Exercise →
Lines before the one containing "Step back into" are not copied; that line and every one after it, through the end of the material below, are printed exactly, without pictures.

Data below →
※
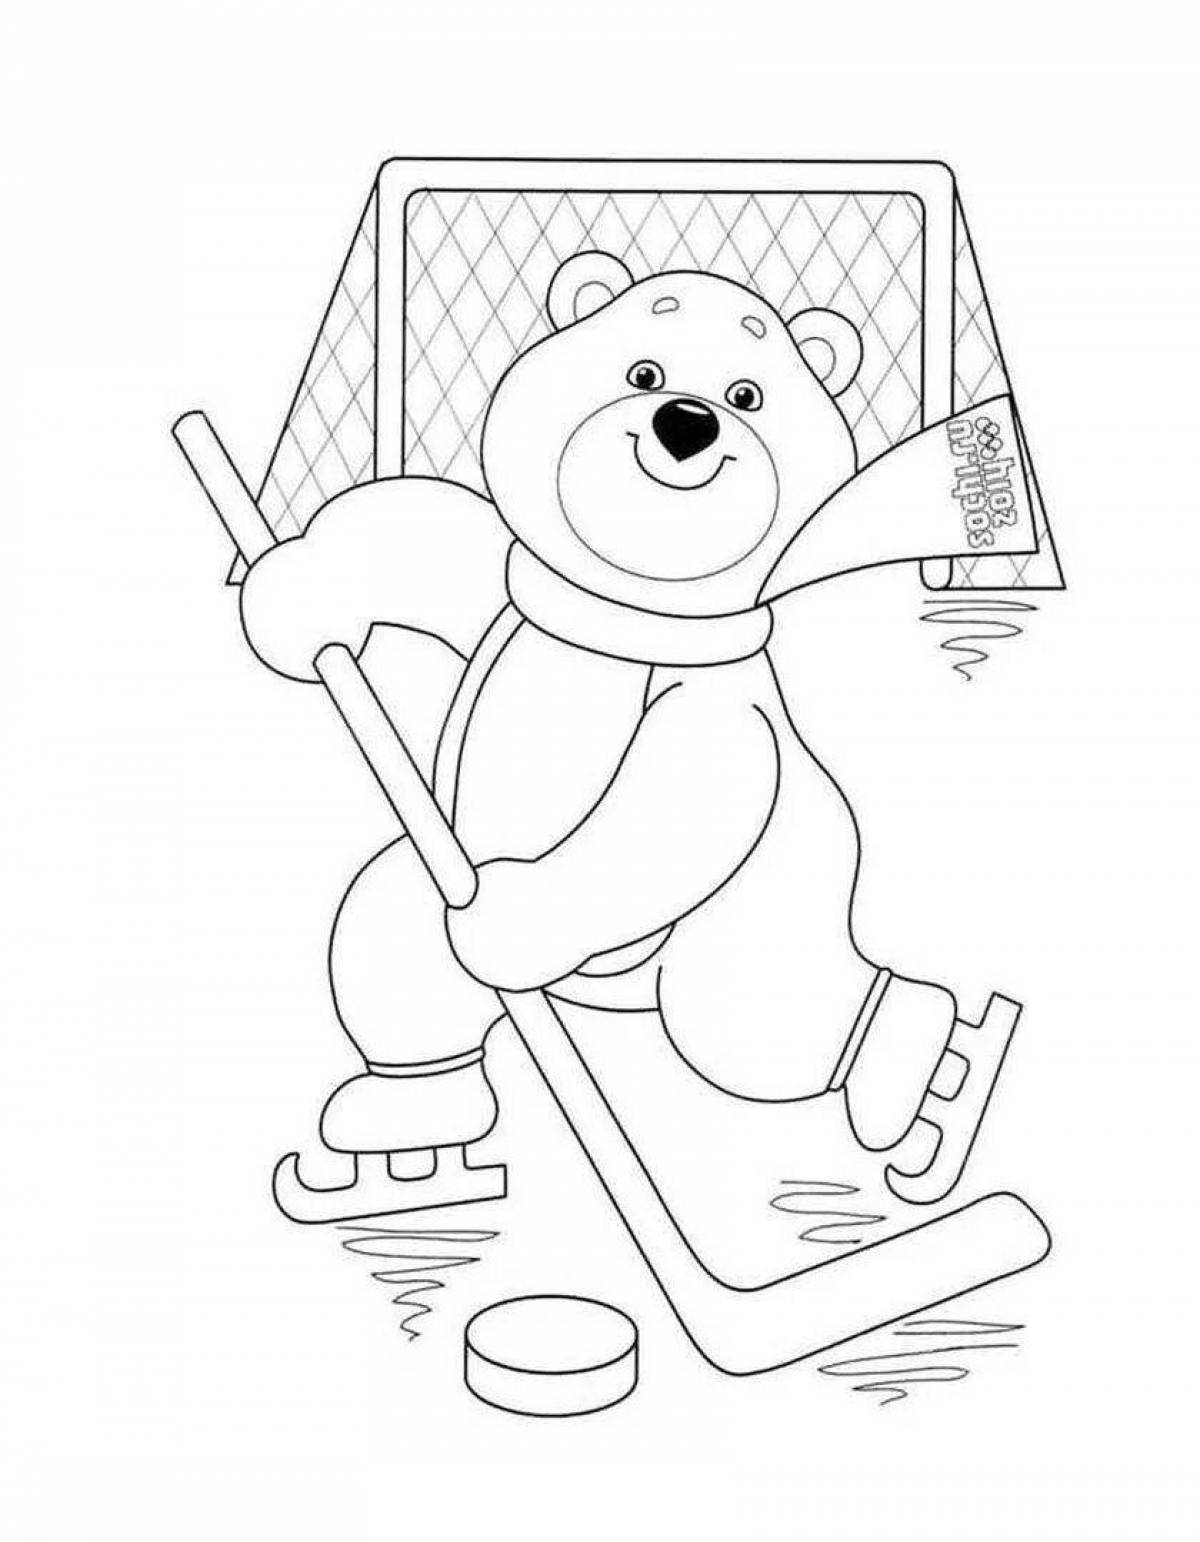 Joyful coloring for children, olympic sports
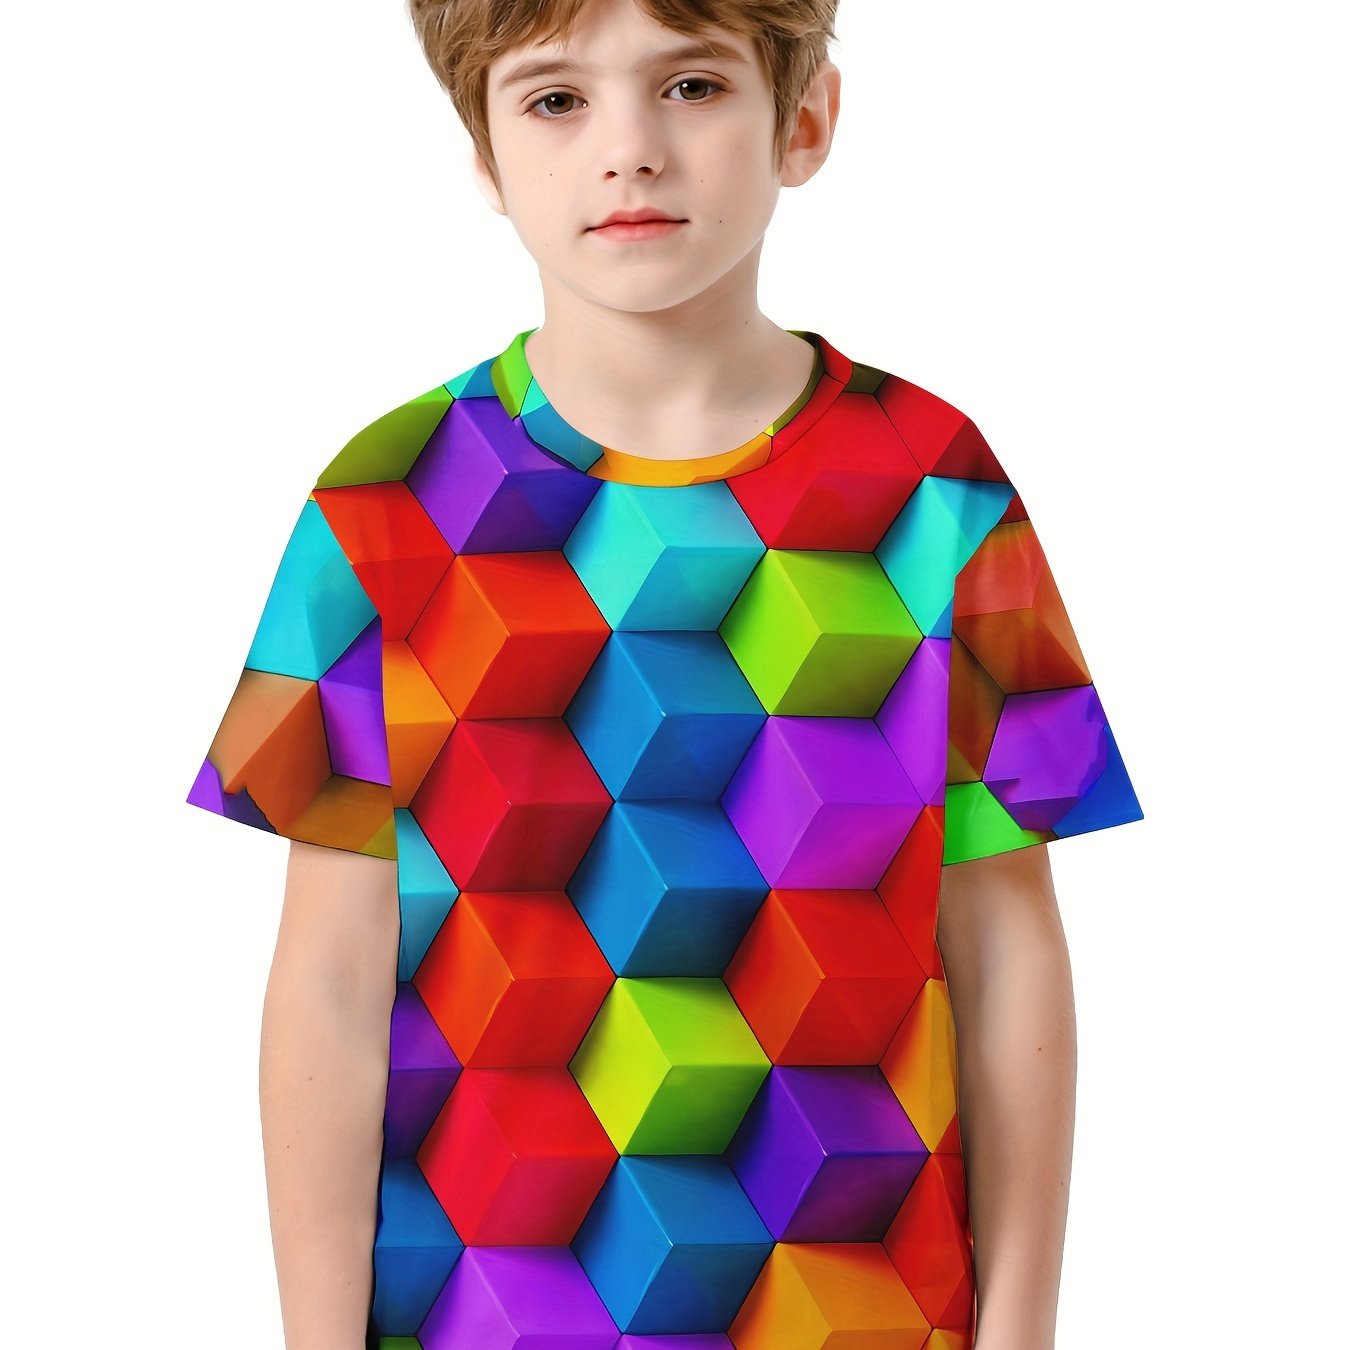 

Cool 3d Cube Graphic T-shirt For Boys - Active, Stretchy & Perfect For Summer Outings!
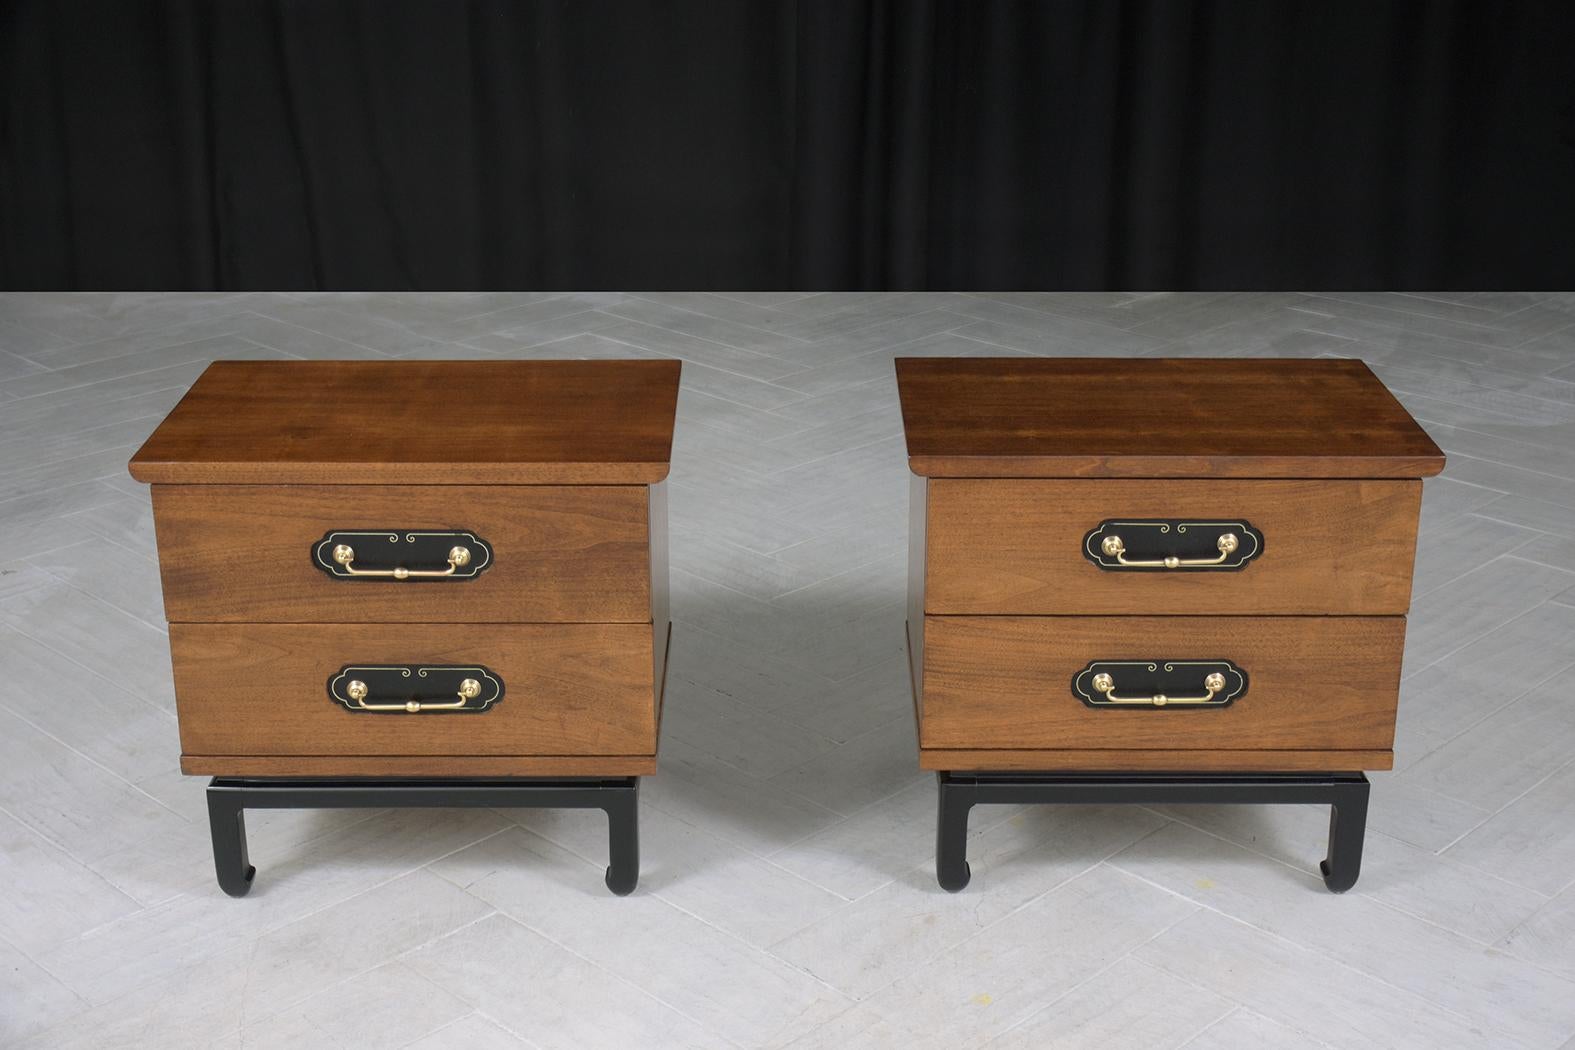 Step back into the stylish era of the 1960s with this exceptional pair of American of Martinsville nightstands, masterfully hand-crafted from walnut wood and brought back to life with a full restoration and refinishing by our dedicated professional
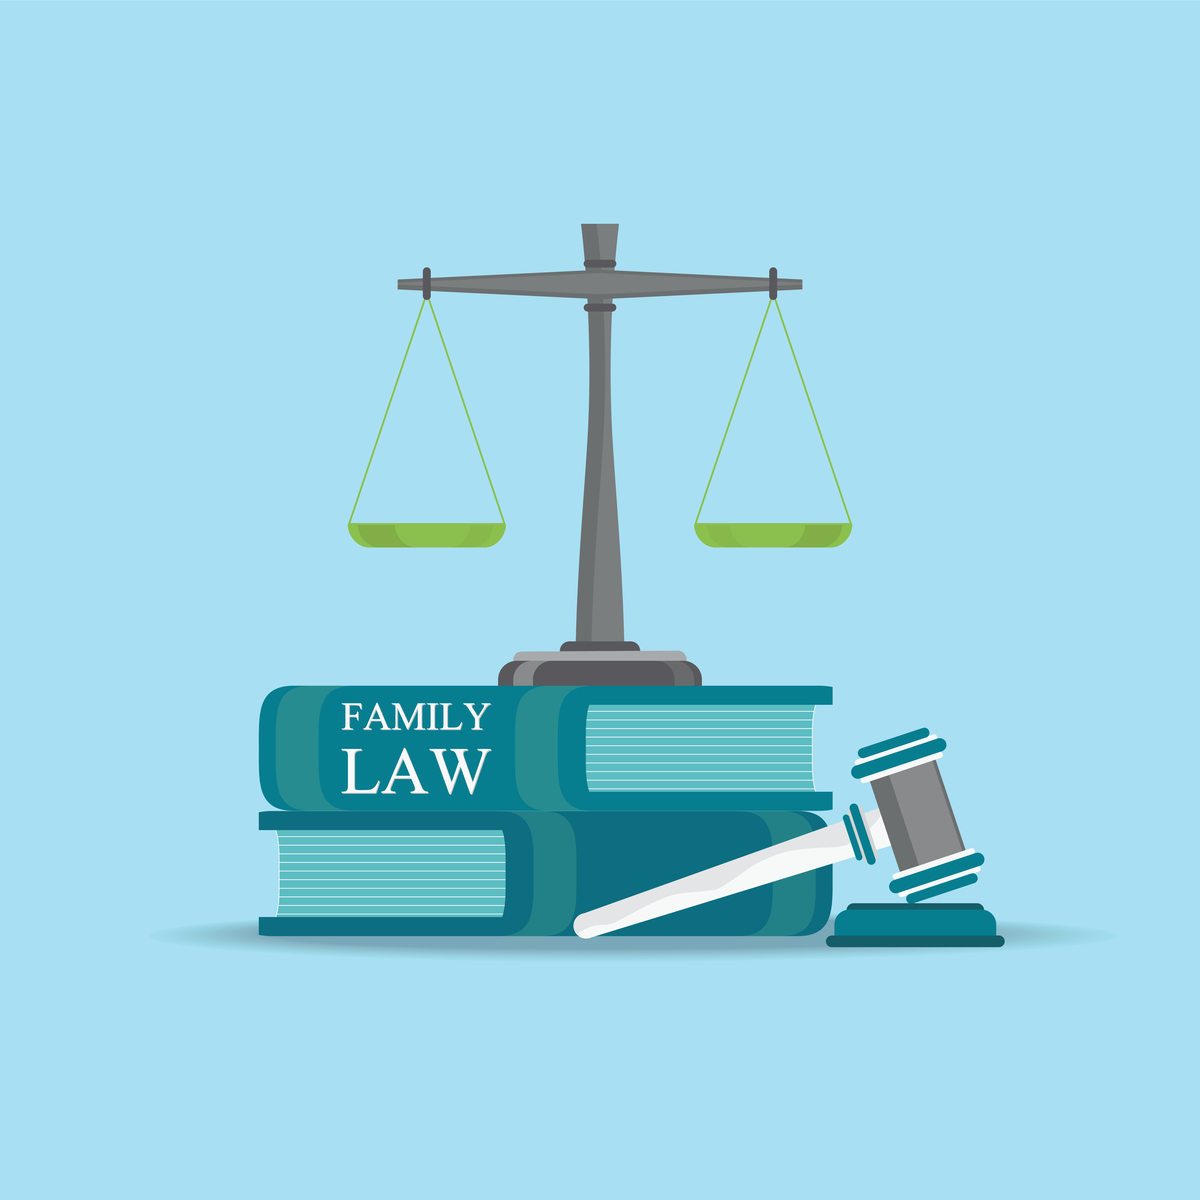 What You Need To Know About The Family Law Court Process
※
Exercise solution →
 Step back into the stylish era of the 1960s with this exceptional pair of American of Martinsville nightstands, masterfully hand-crafted from walnut wood and brought back to life with a full restoration and refinishing by our dedicated professional
 What You Need To Know About The Family Law Court Process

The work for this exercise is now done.